I apologize for my fervency, but I've seen very closed Christians who had little but disdain and distrust for the study of theology until a 'big picture' styled writer like NT Wright showed that there was more to theology than the bits and pieces find great joy and renewed energy in their study of the word. When you wrote, 'I can’t suggest another English theologian because I won’t', it seemed extremely elitist that you would presume to suggest that an English speaker who's 'only' been learning 'Latin and a touch of Hebrew' should cease studying anything written (or translated into?) English and focus solely on works that were never translated into English (presumably a Frenchman should focus on learning the English scholars?). That type of attitude does little to foster a spirit of learning within the flock and merely sets into people that particular distrust of theology as solipsistic and, once again, elitist.
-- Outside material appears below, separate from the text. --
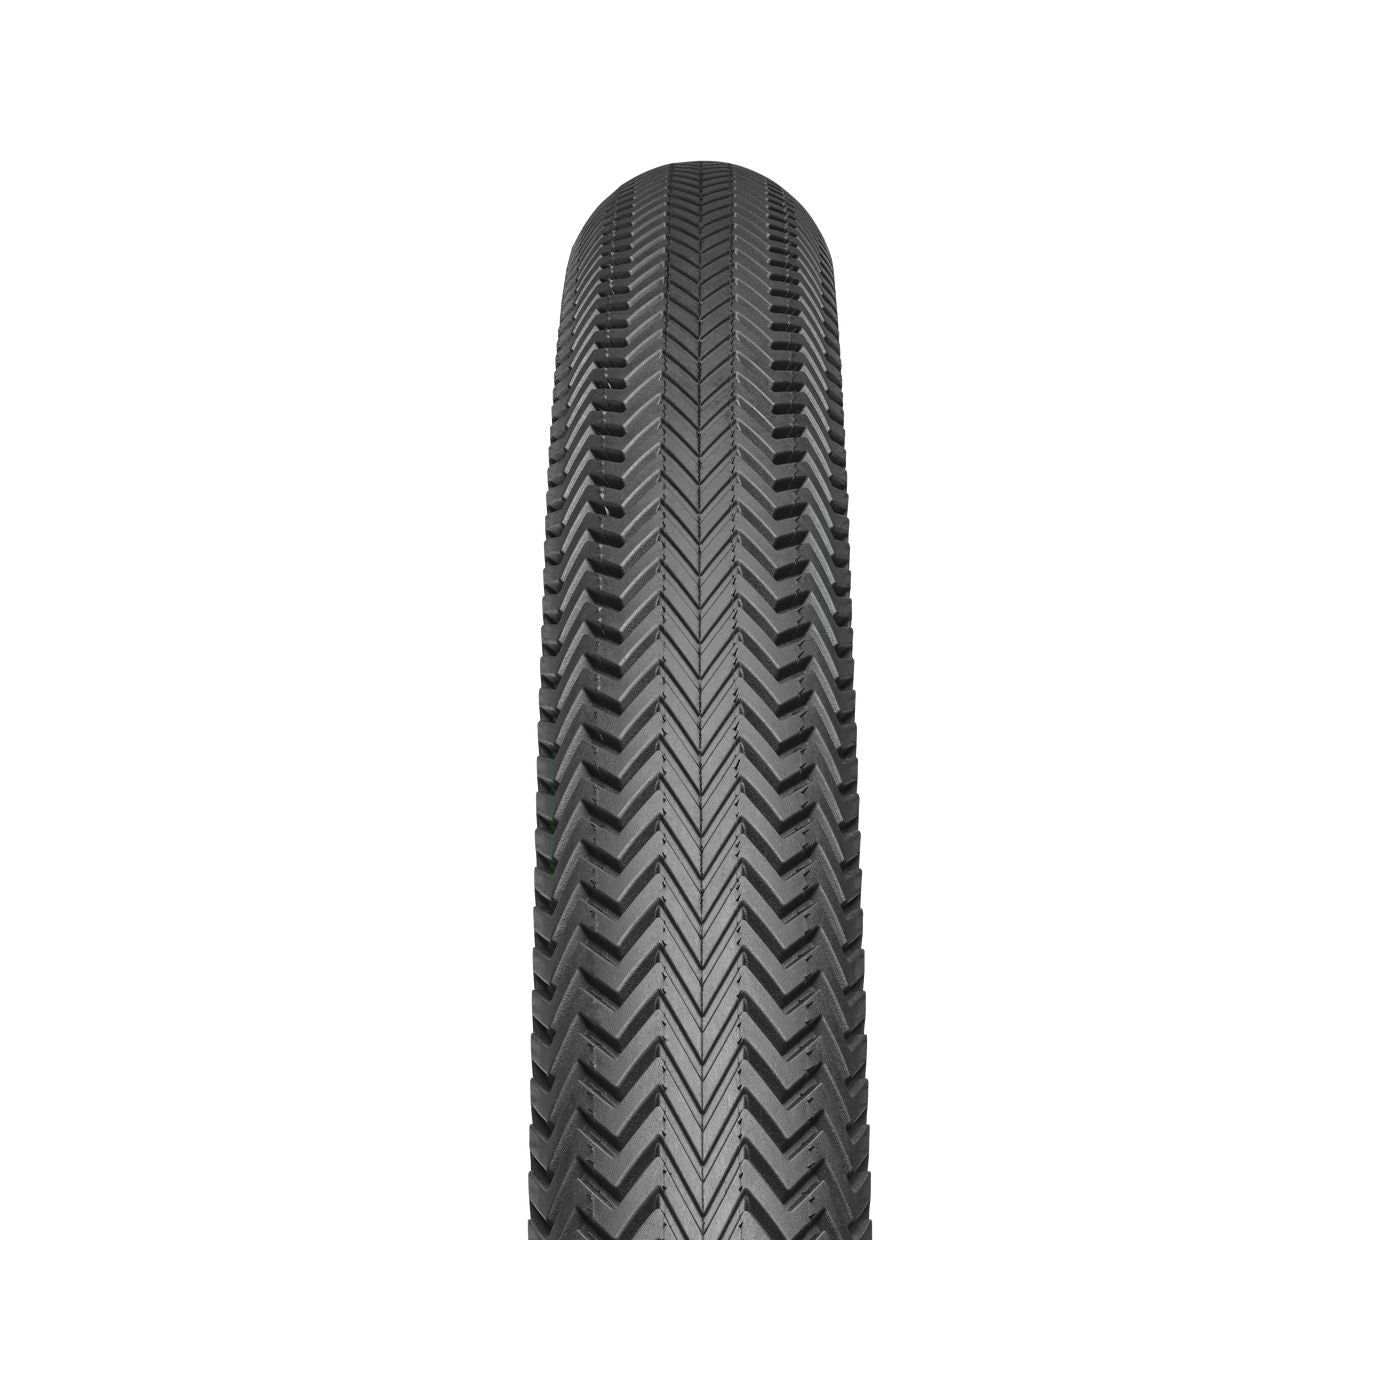 Specialized Sawtooth Sport 700c Tire - Tires - Bicycle Warehouse

Please note, that I do agree with you than an uncritical and merely self-focused study of theology is not helpful to anyone. However, I think that the 'big picture' style of writing and thinking that Wright espouses provides strong guidance for others in theology (and in other areas of study too). As in chess, don't just look at one piece; see the whole board.


I must note, not with a little embarrassment, that Dr West's next post discusses the language issue in more detail (ie he had posted about it before I even sent the comment; I had simply failed to look).

1 comment:

  1. "Quite bright". Well thanks! I'll have to print that up and pass it about.